CGW dates back to mid-80s too, doesn't it? And Nintendo Fan Club (precursor to Nintendo Power) launched in 1987--it was probably the first professionally published games magazine.
 

jooey

The Motorcycle That Wouldn't Slow Down
JC10001 said:
The earliest ones I can remember are Nintendo Power and GamePro. Were there any ones before those for Atari or something?

kids these days.
 

fennec fox

ferrets ferrets ferrets ferrets FERRETS!!!
The first issue of Electronic Games was Winter 1981
eg-winter81.jpg


The first issue of Computer Gaming World was Nov-Dec 1981
vol1-1t.jpg


I don't know which one actually came out first, but considering that CGW used to actually come out on the month printed on the cover (as opposed to the previous month), it was probably EG.
 

Agent X

Member
Electronic Games was probably the first major video game magazine. I'm not sure if Computer Gaming World preceded it, either, but as that was devoted to computer games, EG surely gets the nod as the first video game magazine that covered arcade video games and home video game systems (as well as computer games and LED/LCD handhelds).

I also consider Electronic Games in its original incarnation to be the best video game magazine ever made. It covered all of the systems and games with equal enthusiasm--I've never noticed any bias towards or against any particular system, no matter how popular or unpopular the system was. The writing was intelligent, and always "on the level" in the sense that they never talked down to the reader. The reviews didn't have numerical ratings, so it was necessary to read the text of the article to see how the reviewer felt.

When the video game industry crash of 1983-1984 occurred, the magazine shifted focus towards computer games (as most consumers were doing at that time). Later, they renamed the magazine Computer Entertainment. That only lasted a few issues, until the magazine dissolved in 1985.

A few years after that, the main people behind EG (Arnie Katz, Bill Kunkel, and Joyce Worley) started Video Games & Computer Entertainment. That was probably one of the best post-crash magazines. I don't think it was quite as good as its predecessor, but it was quite good. After a few years, they left VG&CE, and about that same time VG&CE underwent a similar shift to its predecessor of years past--but in the opposite direction. The magazine started to put less emphasis on computer games, and the magazine was renamed Video Games. Unfortunately, the writing really started going downhill, and after a while, that magazine fizzled out, too.
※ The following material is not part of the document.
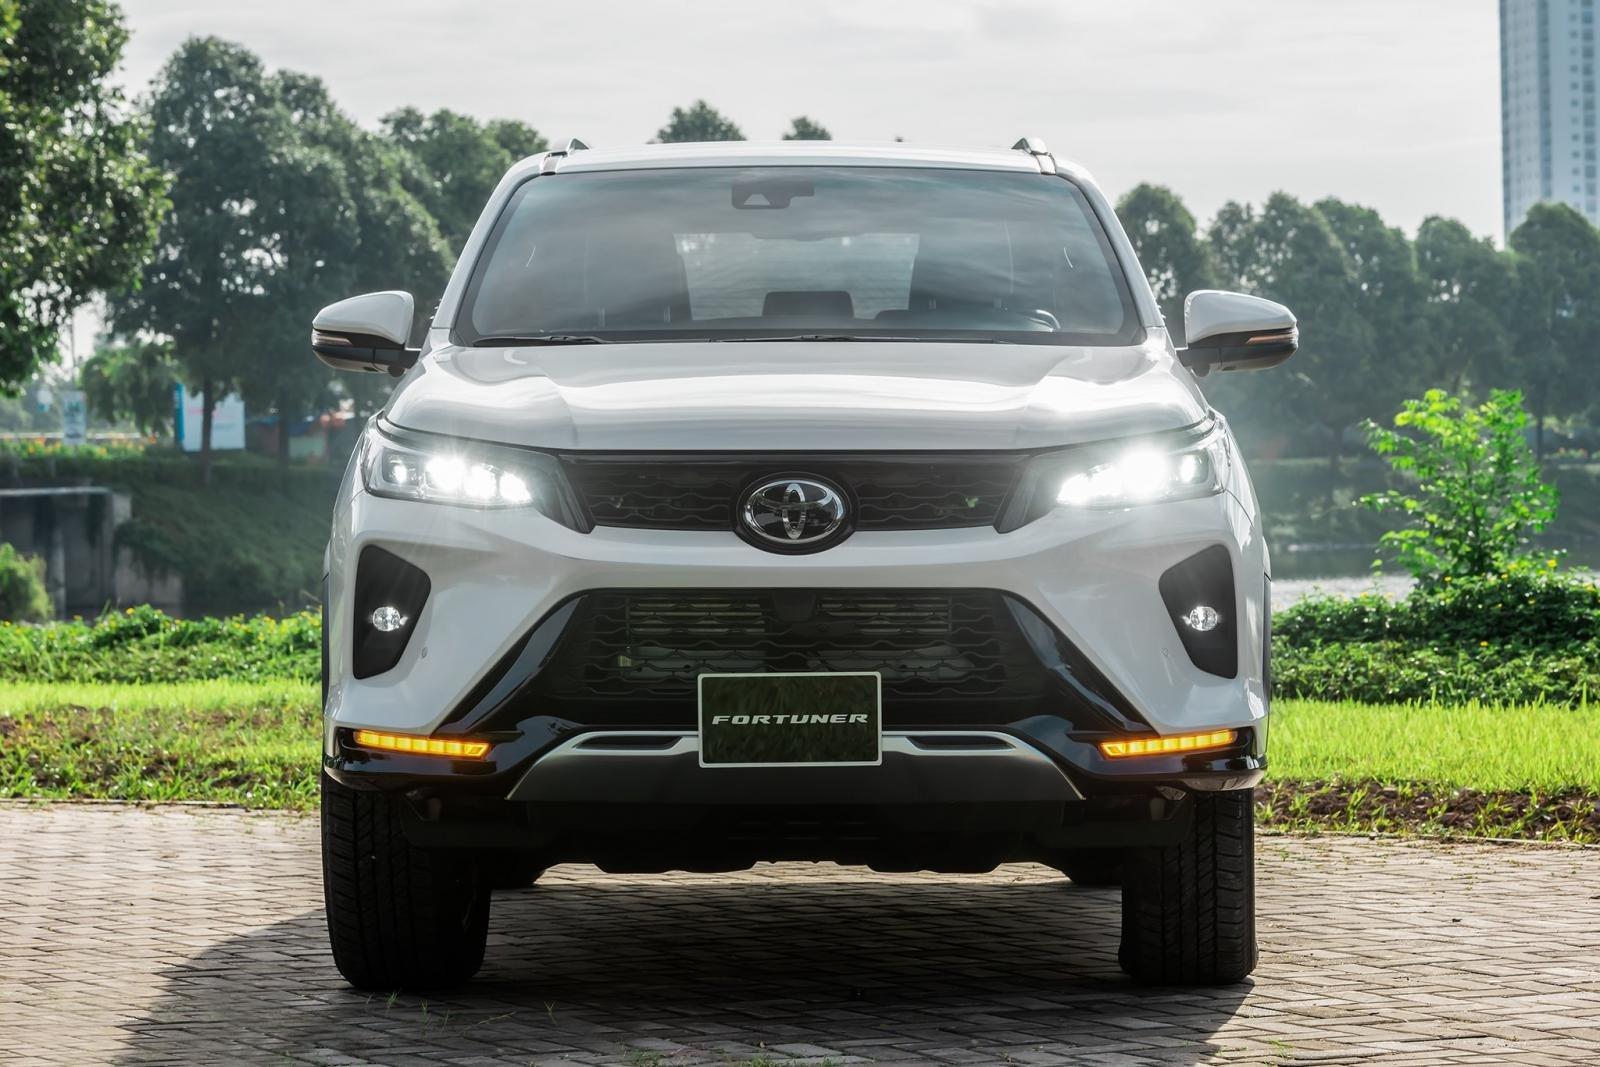 Thông số kỹ thuật xe Toyota Fortuner 2021 về ngoại thất.
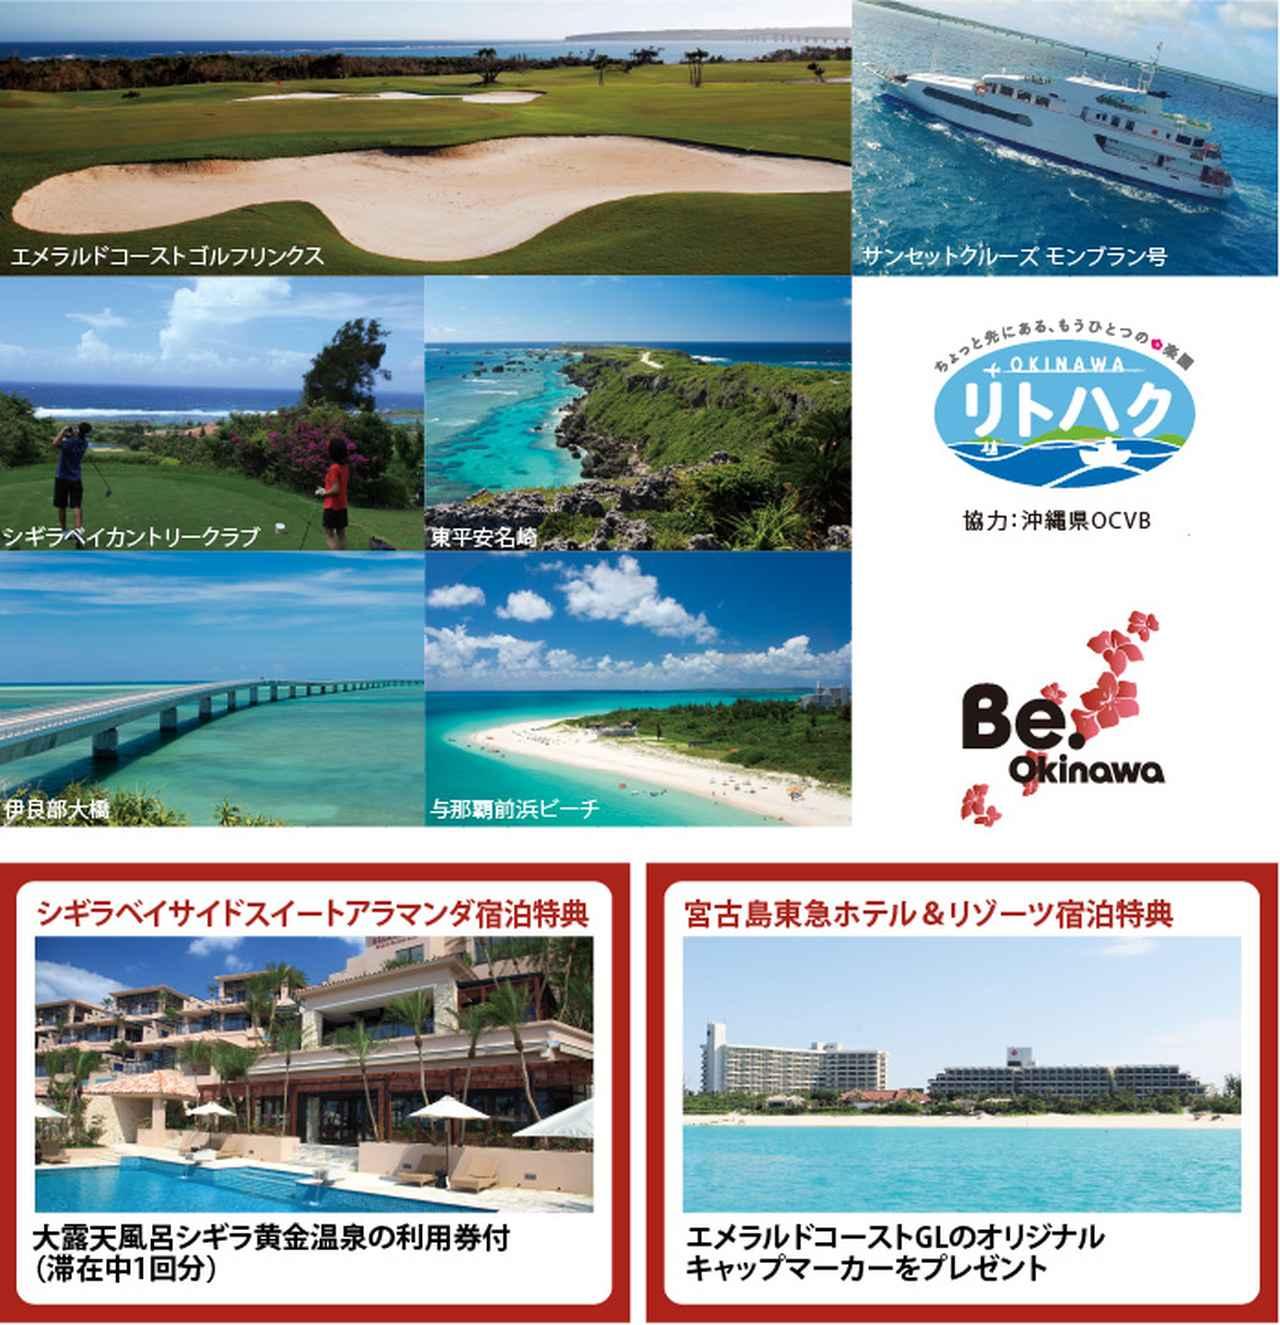 画像: 人気のリゾートホテルとゴルフ場が選べる サンゴの美ら島 ゴルフパラダイス宮古島3日間 ゴルフダイジェスト・ゴルフツアーセンター

Meanwhile, Katz, Kunkel, and Worley started a competing magazine, published by Sendai (the EGM publishers), called...Electronic Games! For some reason, though, this incarnation of EG just didn't click with me. I guess it didn't click with too many people, because after a year or two, it mutated into another magazine called Fusion, and then after that into Intelligent Gamer, and then eventually the whole thing went kaput.

I don't know what Katz, Kunkel, and Worley are doing today, but I'd really like to see a magazine like the EG of two decades ago. Most print magazines these days are either juvenile, or "know-it-all", or very biased towards or against certain systems, or go off on stupid tangents like covering hip-hop music or Japanese animation or other such things that no one really gives a darn about when they buy a VIDEO GAME magazine, or a combination of all of these. That's not to say that there's no merit in the current magazines, just that they can't compare to the intelligent yet friendly tone of the early EG and early VG&CE magazines. I'd like for some of the current magazine writers to track down some of these early magazines for inspiration.